Nancy Nápoles, maire de Tenancingo, à environ 70 km au sud-ouest de la capitale Mexico, assure être innocente et fustige une affaire "à visée politique". Elle appartient au parti Morena de la présidente Claudia Sheinbaum, qui a fait de la lutte contre la corruption l'un des piliers de son gouvernement. Le parquet a indiqué que Nancy Nápoles a été citée à comparaître le 9 juillet pour "simulation d'enlèvement".

Elle ne fait pas l'objet d'un mandat d'arrêt, contrairement à son mari et à son beau-frère, en fuite et recherchés. Des hommes armés l'ont forcée à descendre de sa voiture avant de l'emmener, a indiqué le parquet qui fonde son dossier sur des témoignages de trois "ravisseurs" déjà en détention.
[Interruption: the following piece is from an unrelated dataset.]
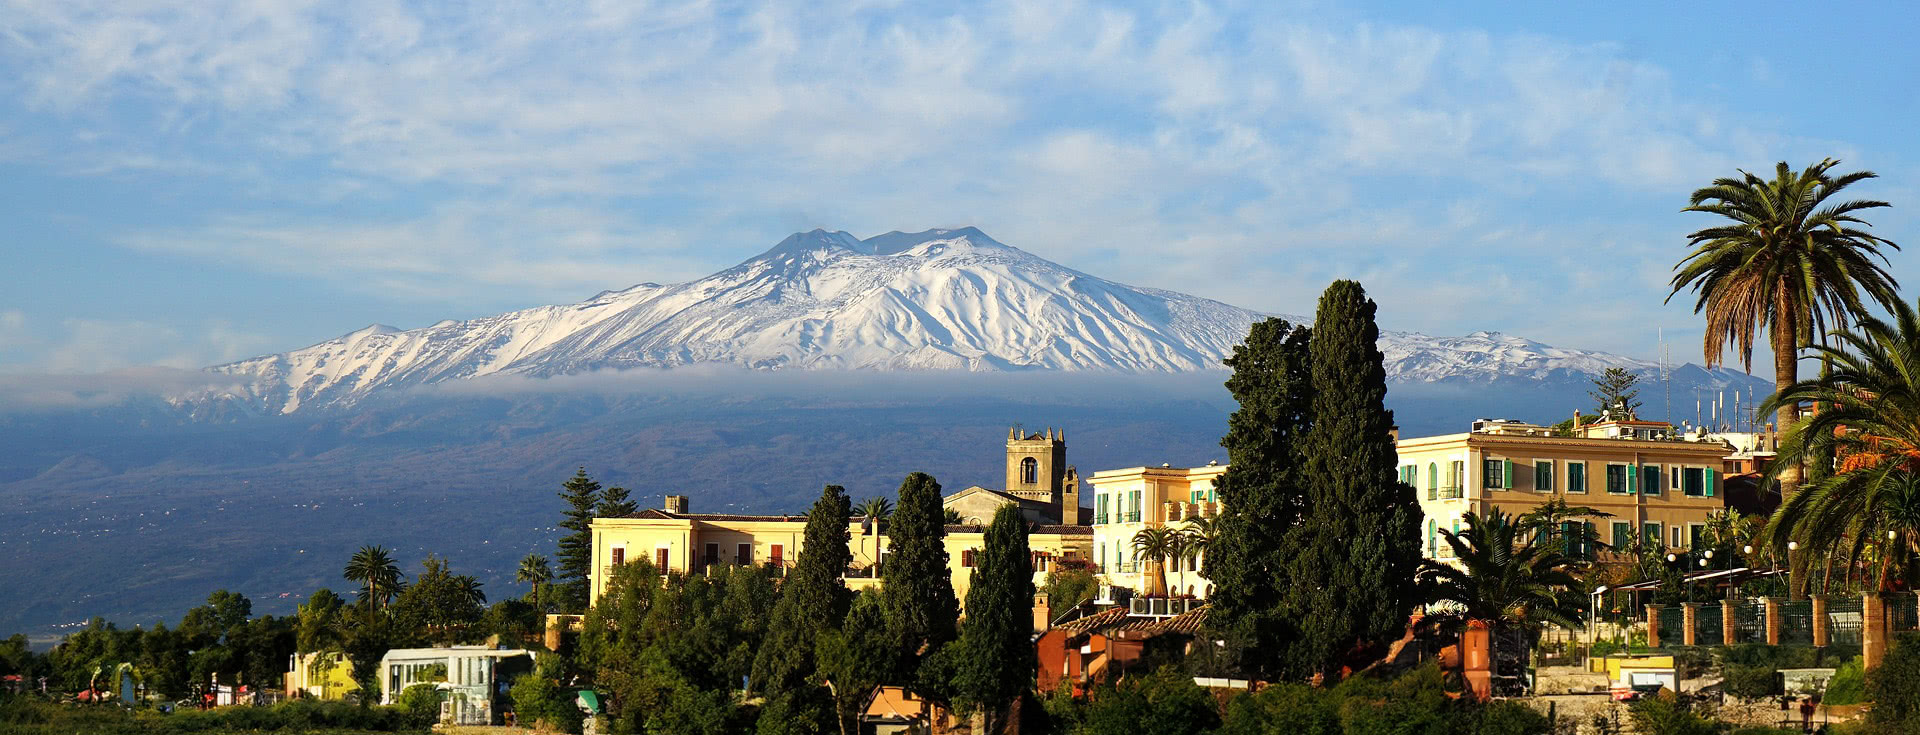 View of Mount Etna from the city of Catania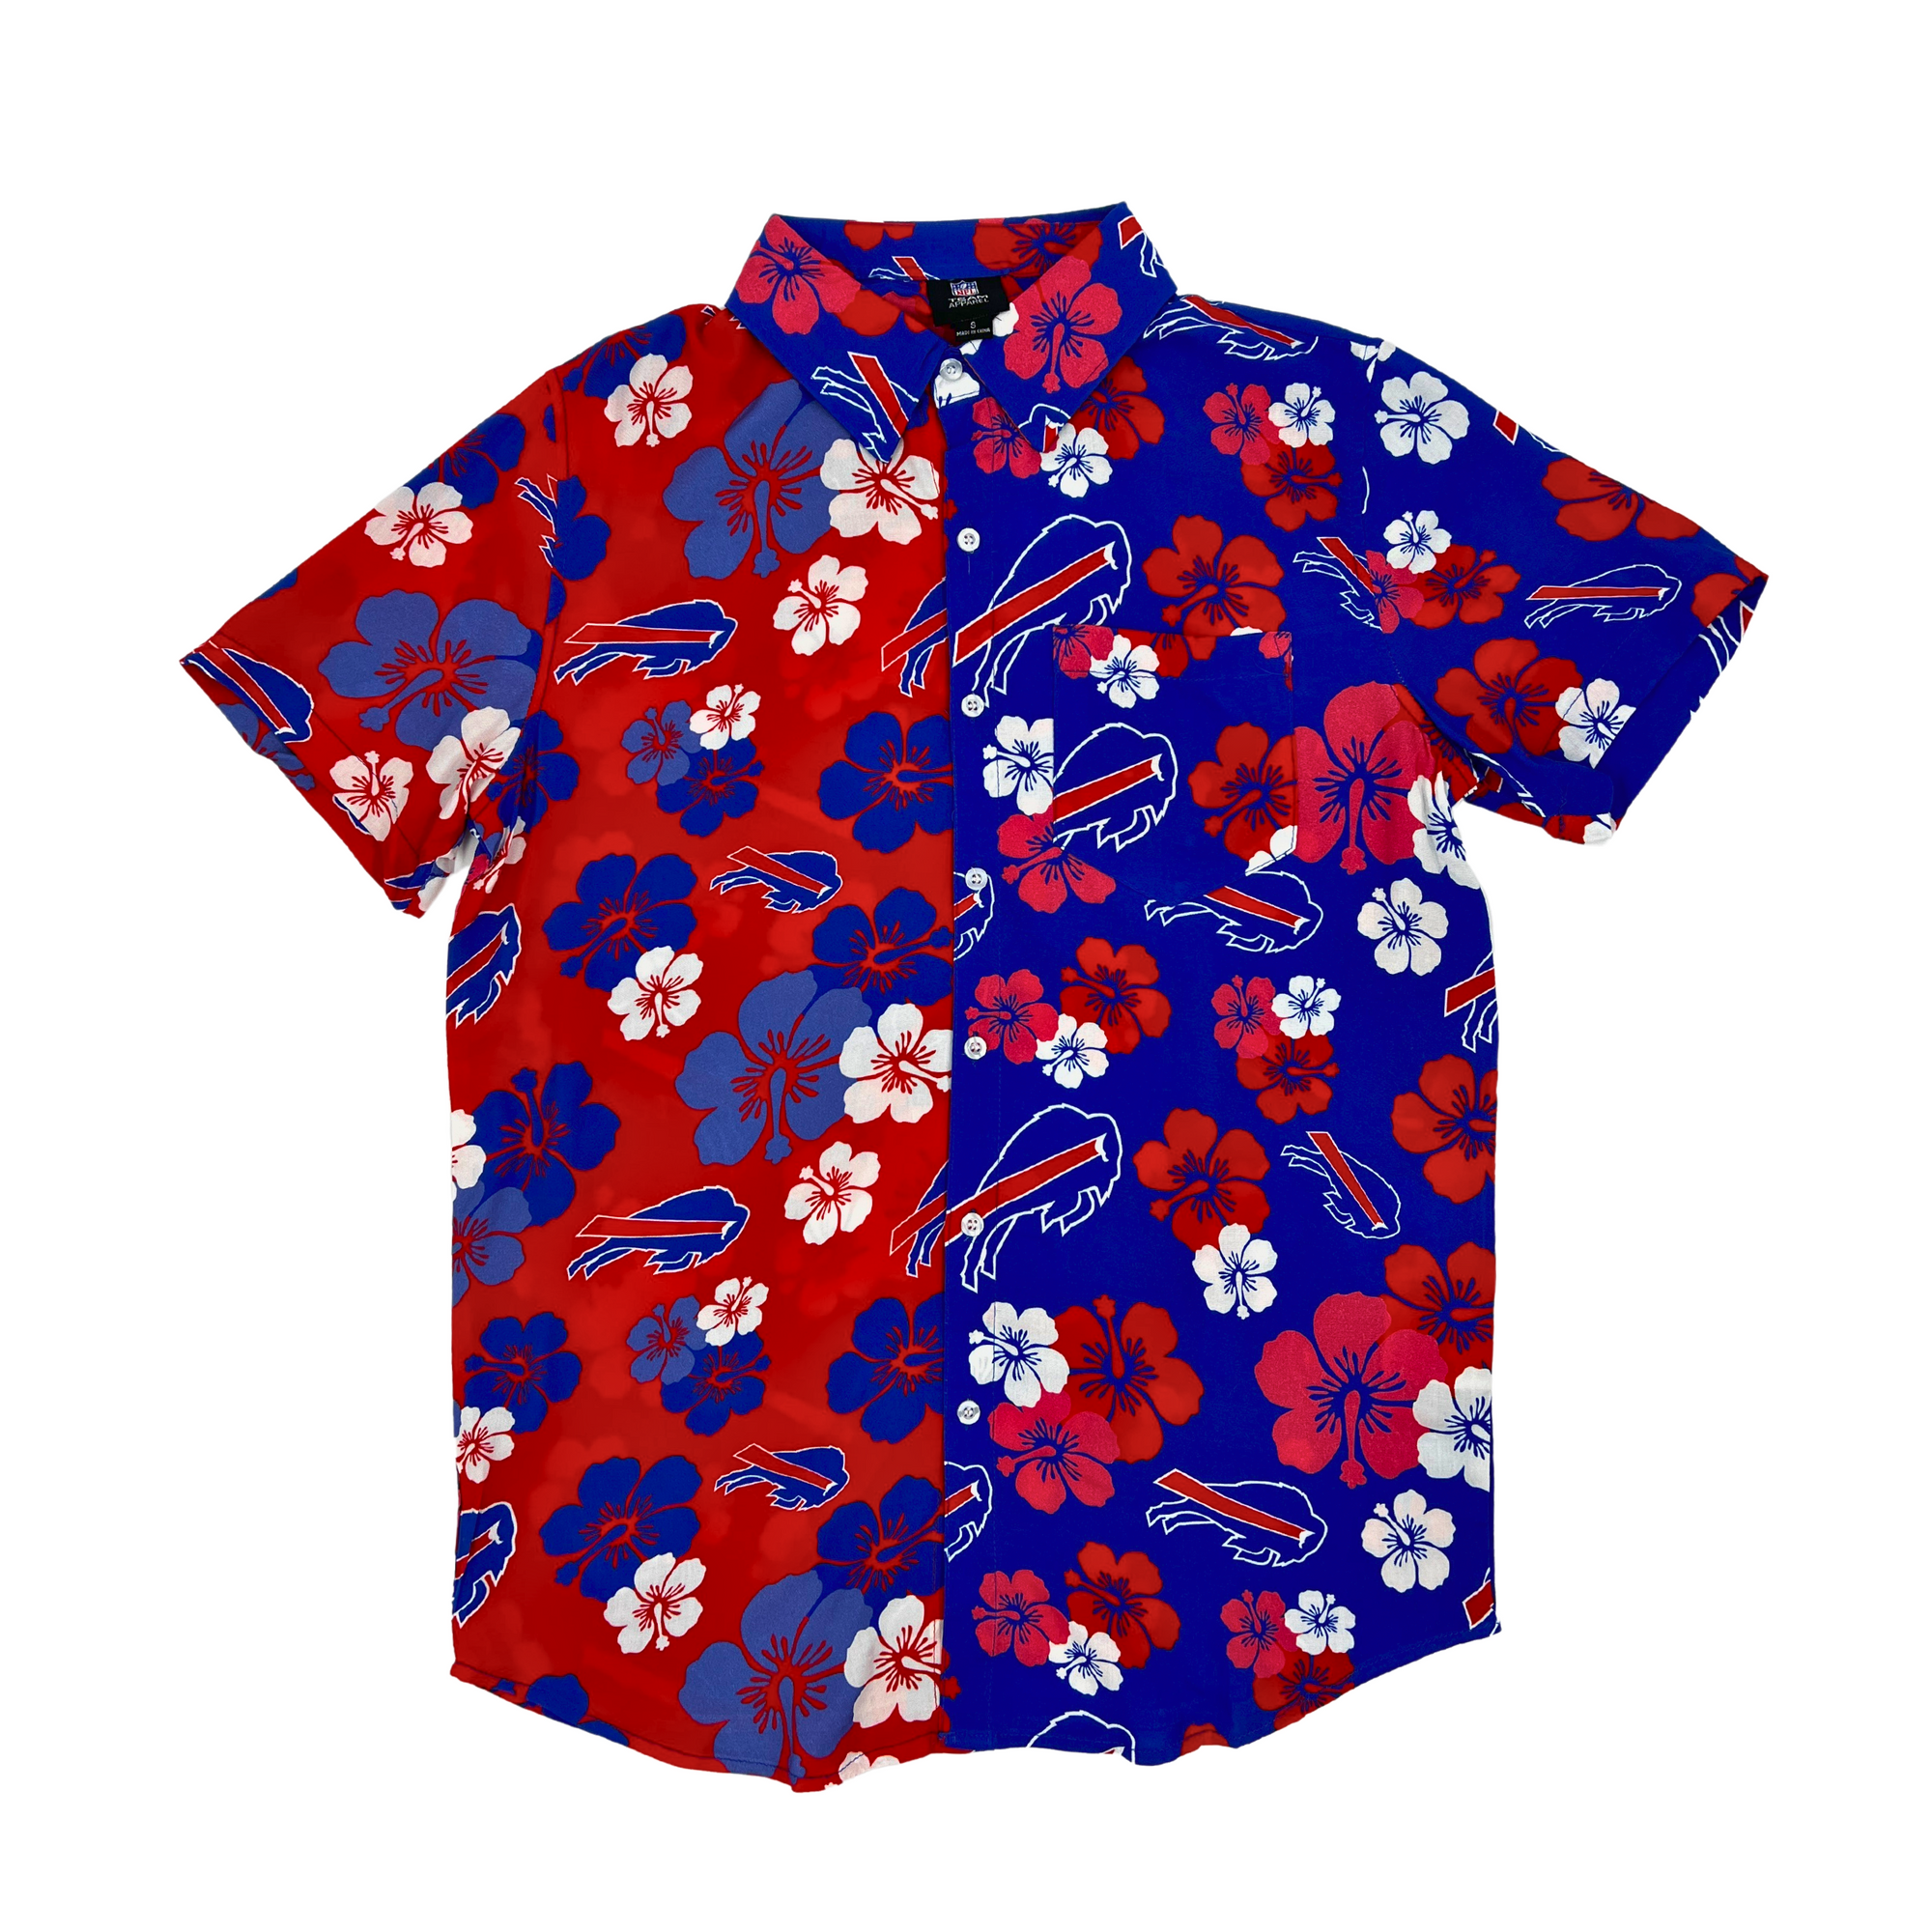 Buffalo Bills red and blue split Color Floral Button Up Shirt

La maire "nie catégoriquement"Le parquet a précisé que pendant sa captivité, ses ravisseurs avaient menacé de la tuer, elle et sa famille, si elle ne payait pas "40 millions de pesos en échange de sa liberté" (2,3 millions de dollars) et lui avaient conseillé, dans le cas où elle ne disposerait pas de cette somme, de la "prélever sur les ressources de la mairie".